A Springfield woman pleaded guilty yesterday to a nearly three-quarter-million-dollar tax fraud scheme.
Nancy Walker, 55, pleaded guilty before U.S. Magistrate Judge David Rush to one count of conspiracy, one count of presenting a false claim, one count of theft of government property and one count of aggravated identity theft, according to a news release from Tom Larson, acting U.S. attorney for the Western District of Missouri.
Walker admitted participation in a $718,000 conspiracy from January 2010 to April 23, 2013, to submit false federal income tax returns and make false claims for federal income tax refunds for the 2009-12 tax years.

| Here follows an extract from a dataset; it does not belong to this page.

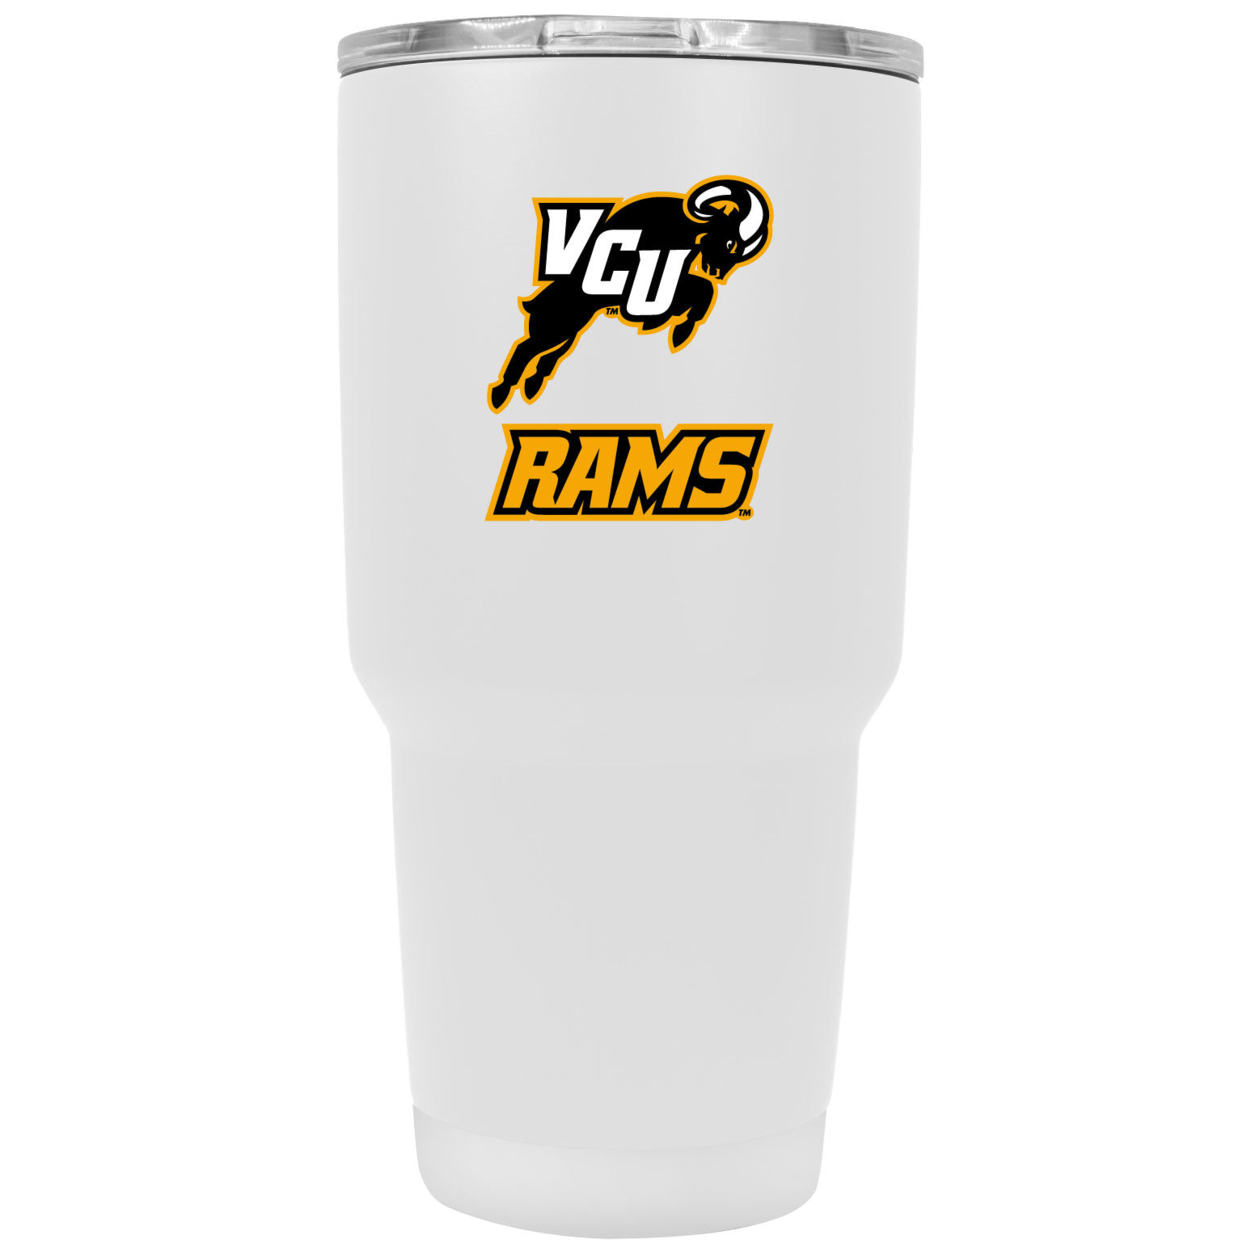 Virginia Commonwealth 24 Oz Insulated Stainless Steel Tumblers - White

According to the release, Walker and other conspirators used names, social security numbers and Turbo Tax to prepare and electronically file federal income tax returns. Those returns included fictitious IRS Form W-2 information, listed false employers and reported wages not earned and employment taxes not withheld from the individual.

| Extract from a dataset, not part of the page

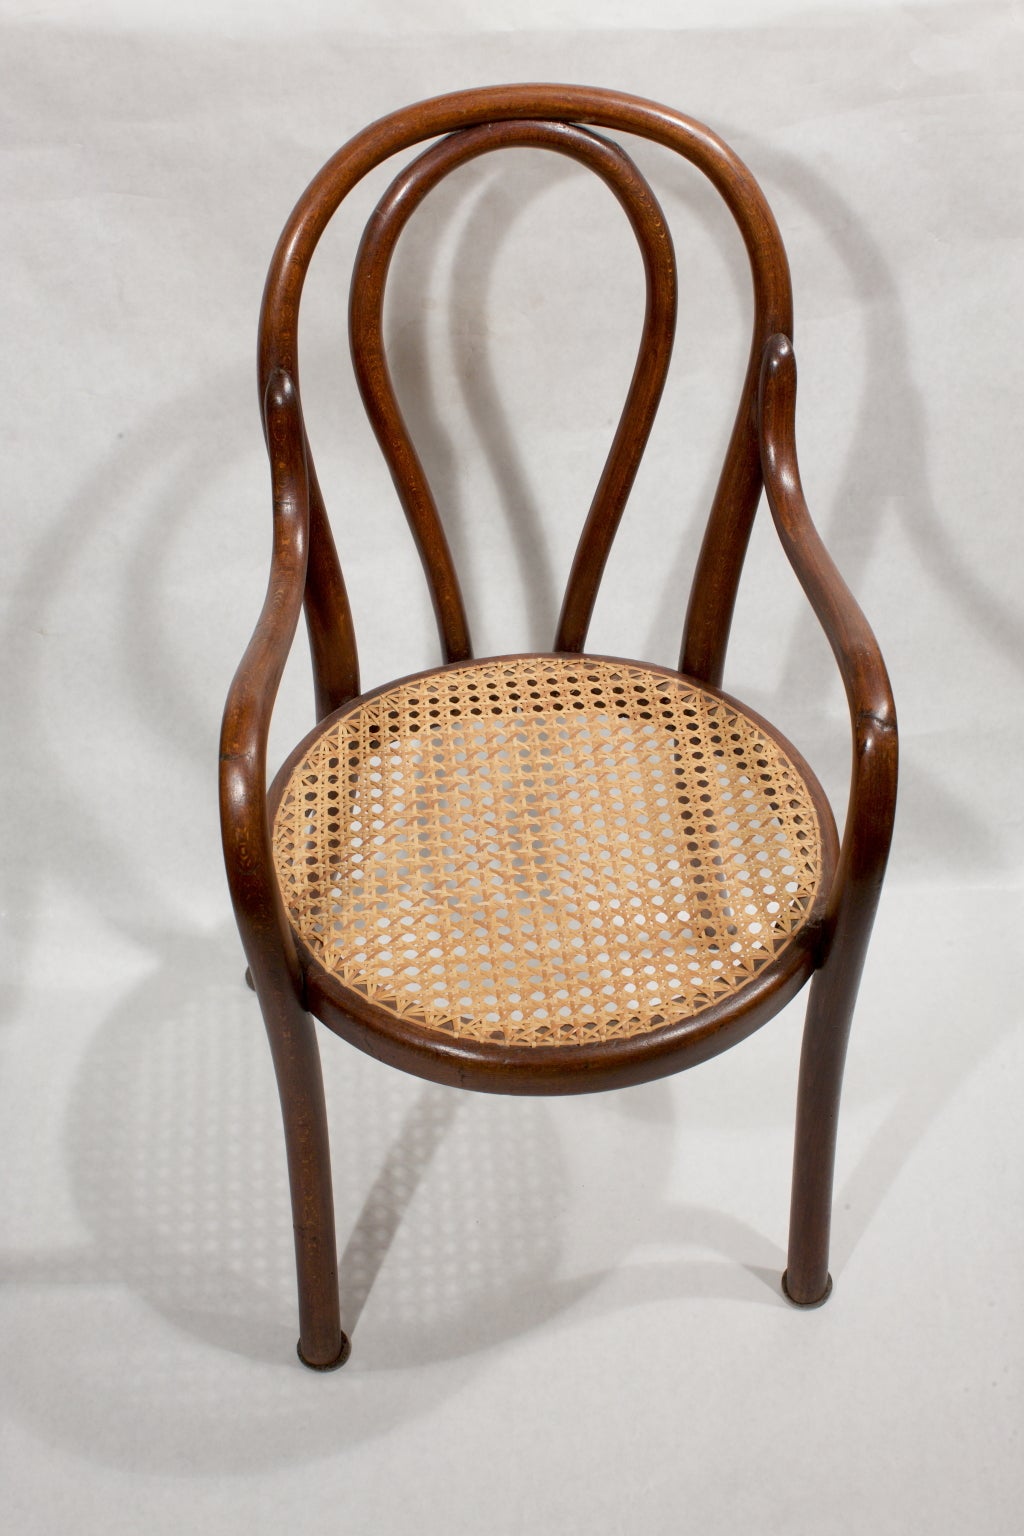 Thonet model for this old little chair for children, Vienna (Austria).

In total, the conspirators fraudulently claimed $718,927 in federal income tax refunds and under the terms of the plea agreement, Walker will pay $317,498 in restitution, the amount of refunds actually received.
Under federal statutes, Walker is subject to a sentence of up to 20 years in federal prison without parole, plus a mandatory consecutive sentence of two years in federal prison for aggravated identity theft, according to the release. A sentencing hearing will be scheduled after the completion of a presentence investigation by the U.S. Probation Office.
This case is being prosecuted by Assistant U.S. Attorney Casey Clark. It was investigated by IRS-Criminal Investigation.